I'm with you Rose. Since the OP originally mentioned walking distance to restaurants, and great beach with kids in tow, I suggested Royal Sands. RS fits that bill quite well. Having said that, to forgo the AI thing if they exchange in, I would also suggest one of the tri-Royals. We are members of both the RM & RH, and I agree that the beach of RH isn't that favorable to snorkeling. I once saw a huge tiger ray and LARGE amberjack, but most years the snorkeling is ho hum. (Feb/March). 

Young people (and those of us young at heart) really enjoy the crystal turquoise blue clear water and crashing waves in Cancun as opposed to the tranquil water at the Royal Hacienda. And the water isn't the beautiful turquoise blue either. Nor are there restaurants within walking distance. I'm not counting the on-site restaurants.


----------



## Quimby4 (Jan 10, 2013)

Wow, thank you for all of the great suggestions!
It sounds like the Tri -Royals (mayan, isl, & Carrib) are the best fit for us.
And maybe the Westin lagunamar.

Just out of curiosity, does anyone know how much the AI add ons are at the Sands and others? Just trying to see if doing the AI might be a consideration.  The only time we did AI was for our Honeymoon in Cozumel and loved it.


----------



## pjrose (Jan 10, 2013)

All the AI info for the Royals is available here:
http://www.royalresorts.com/packages/default.asp
and under the FAQ tab at the same link.

_EXCHANGER RATE
Non-members of Royal Resorts who are exchanging into The Royal Sands or The Royal Haciendas through an International Exchange company must purchase the REFINE All-Inclusive Package for the duration of their stay and have the following rates:

Adults 18 years or older = $105 USD per person per day
Kids 13 - 17 years old = $75 USD per person per day
Kids 4 - 12 years old = $50 USD per person per day
Kids 0 - 3 years old = No Charge_


AI is optional (and slightly less expensive) if you rent from a member - the actual owner of that unit/week.  
Be SURE the person is the actual member/owner of the interval, not a travel agency, wholesaler, etc.  You will find ads from members on the sites below.  Once financial arrangements are taken care of, the member requests that the Royals issue an "Owner Loan Confirmation" to the renter.  (Be sure they do that....if they instead have the Royals issue a "Guest Certificate" I'm not sure the AI will still be optional.)

http://tug2.com/timesharemarketplace/, 
http://www.omcancun.com, 
http://mytimesharevacations.com./, 
http://www.redweek.com, and 
http://www.myresortnetwork.com/


----------



## Quimby4 (Jan 10, 2013)

pjrose said:


> All the AI info for the Royals is available here:
> http://www.royalresorts.com/packages/default.asp
> and under the FAQ tab at the same link.
> 
> ...



Thank you!
$335 per day for my family is wayyy too much.
I would rather just cook food in the room and eat one meal out per day, saving likely $200 per day.
Thx again!


----------



## Larry (Jan 10, 2013)

Just another option to the Royals which were nice ( We stayed at the Royal Mayan and what was the Club Internationale before it was renovated) we loved the Westin Lagunamar in Cancun. I thought it was more upscale than the Royal Mayan by far and those Westin Heavenly beds beat the Mayan hard as a rock bed that we had when we stayed there a few years ago. 

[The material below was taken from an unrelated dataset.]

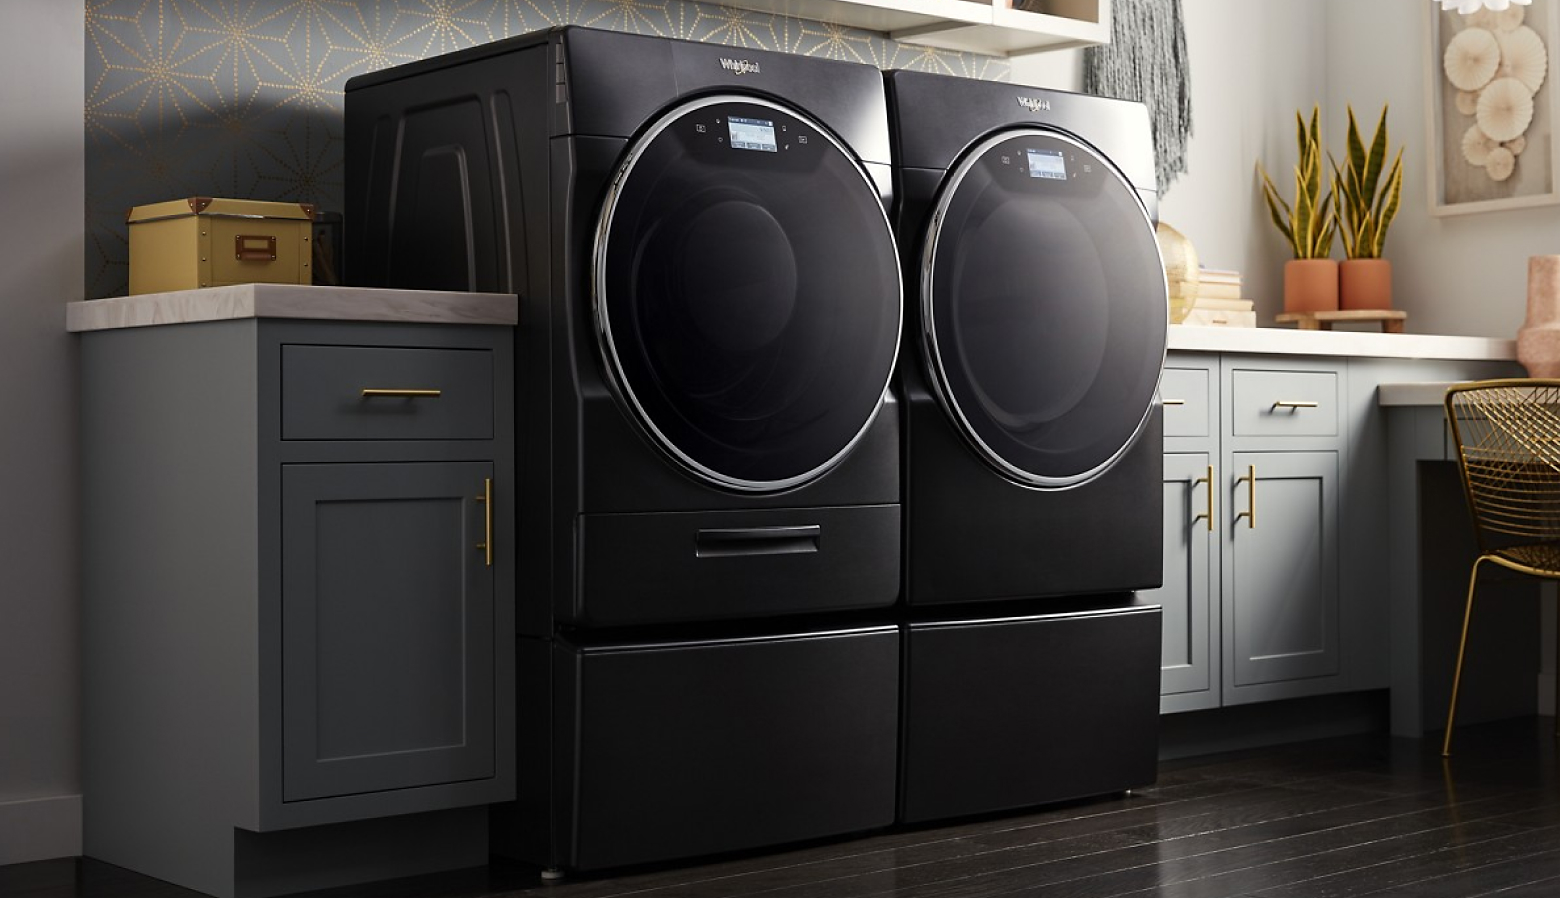 Gas vs. Electric Dryers: What's the Difference?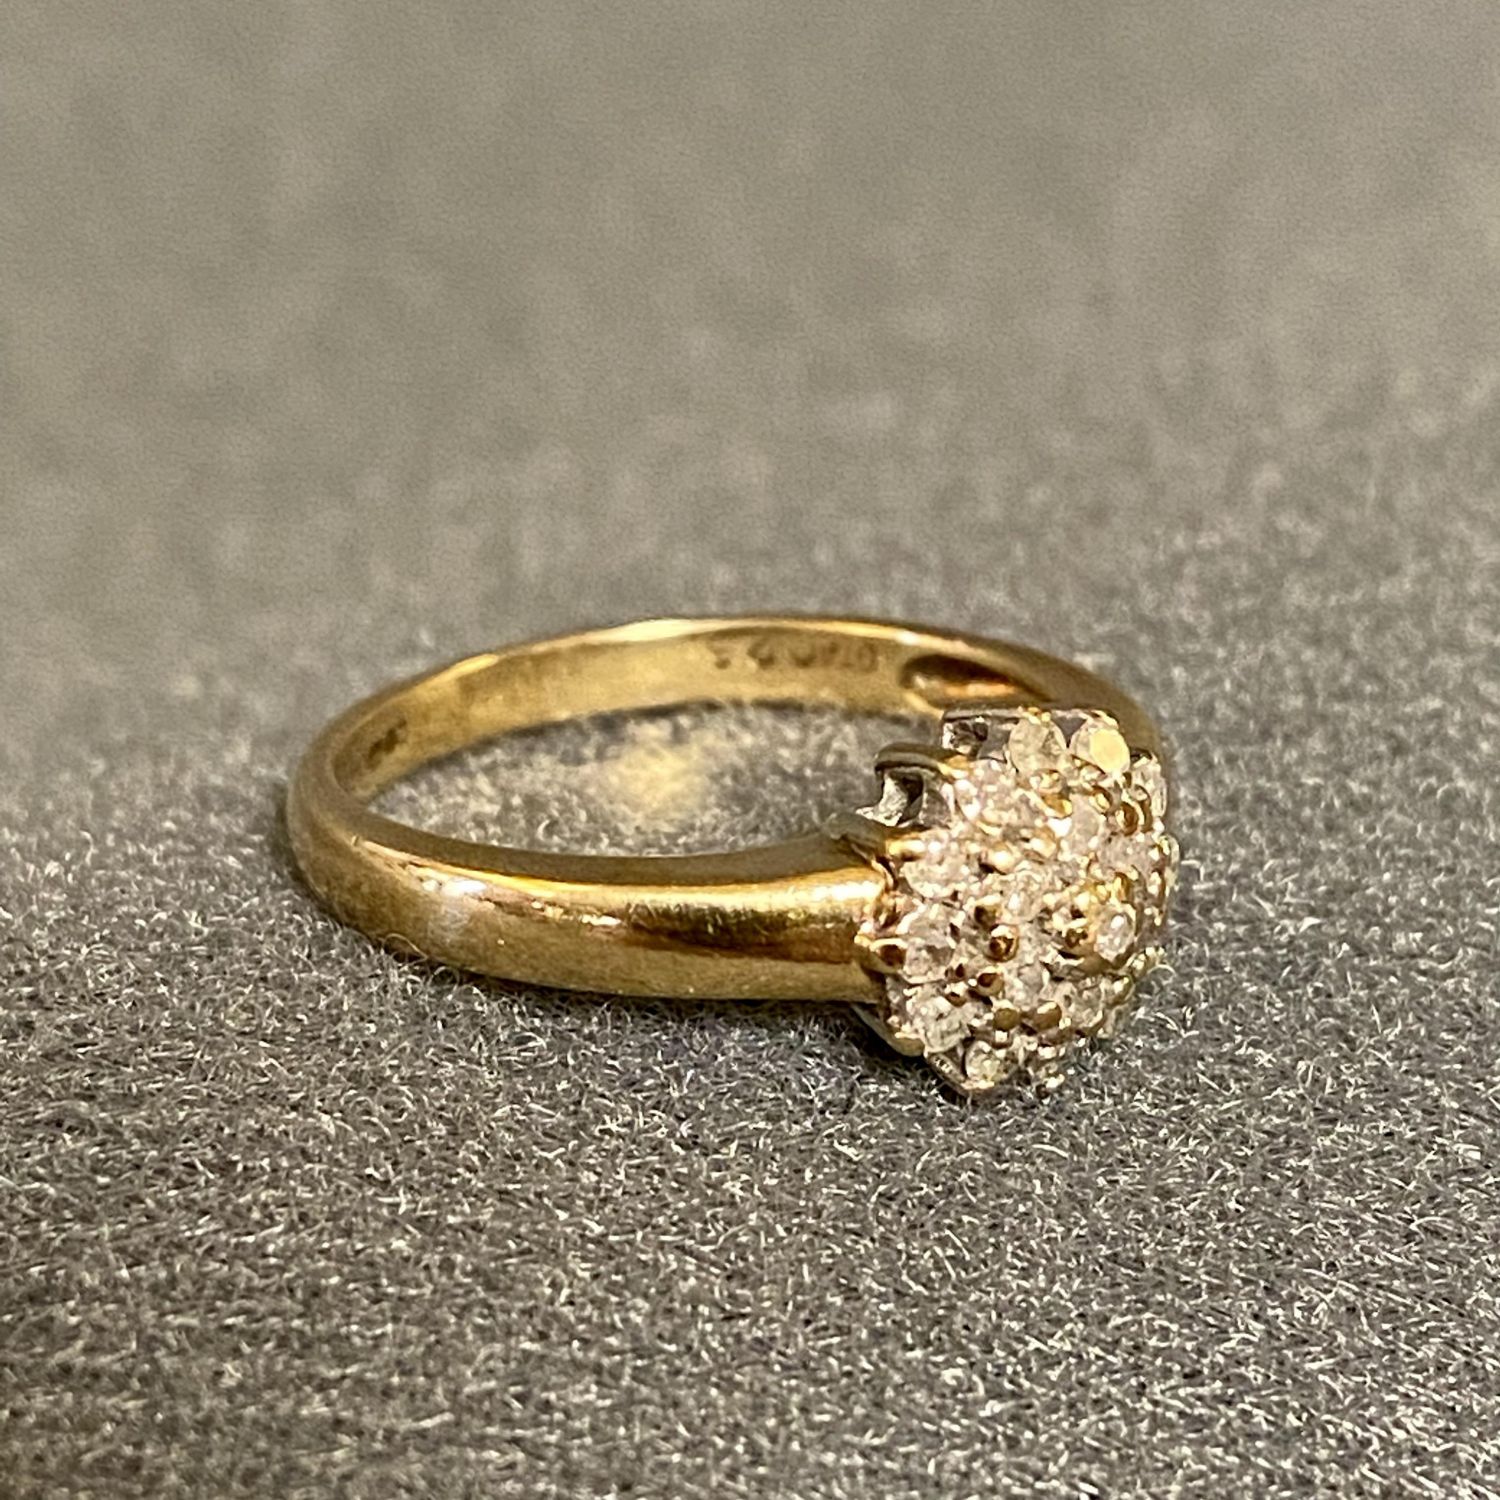 9ct Gold Diamond Cluster Ring - Jewellery & Gold - Hemswell Antique Centres

Don't take this the wrong way and we had a great time at the Royal Mayan it just didn't really compare to the Westin Lagunamar IMHO.


----------



## pjrose (Jan 10, 2013)

Quimby4 said:


> Thank you!
> $335 per day for my family is wayyy too much.
> I would rather just cook food in the room and eat one meal out per day, saving likely $200 per day.
> Thx again!



I'm with you.
We make good use of the "Express" takeout/delivery service which is available at the Tris, Sands, and Haciendas.  You can get salads, soup, mexican rice, guacamole, salsa, ribs, chicken, pizza, etc....prices are reasonable (more than WalMart, less than eating in a restaurant).  For example, we'll get a roast chicken and salad and Mexican rice for dinner one night, then the next night the leftovers become fajitas with the addition of some tortillas and beans and an onion from the mini market that is in each of the Royal Resorts, and then the bones and some veggies become soup.   

We find it much more relaxing to do light cooking like this in the villa than going out.  We save a lot, plus we're at the best location - our own private terrace overlooking the Caribbean Sea!


----------



## Phydeaux (Jan 10, 2013)

We really look forward to our Sunday ritual of heading downtown with our shopping list. We love doing this! 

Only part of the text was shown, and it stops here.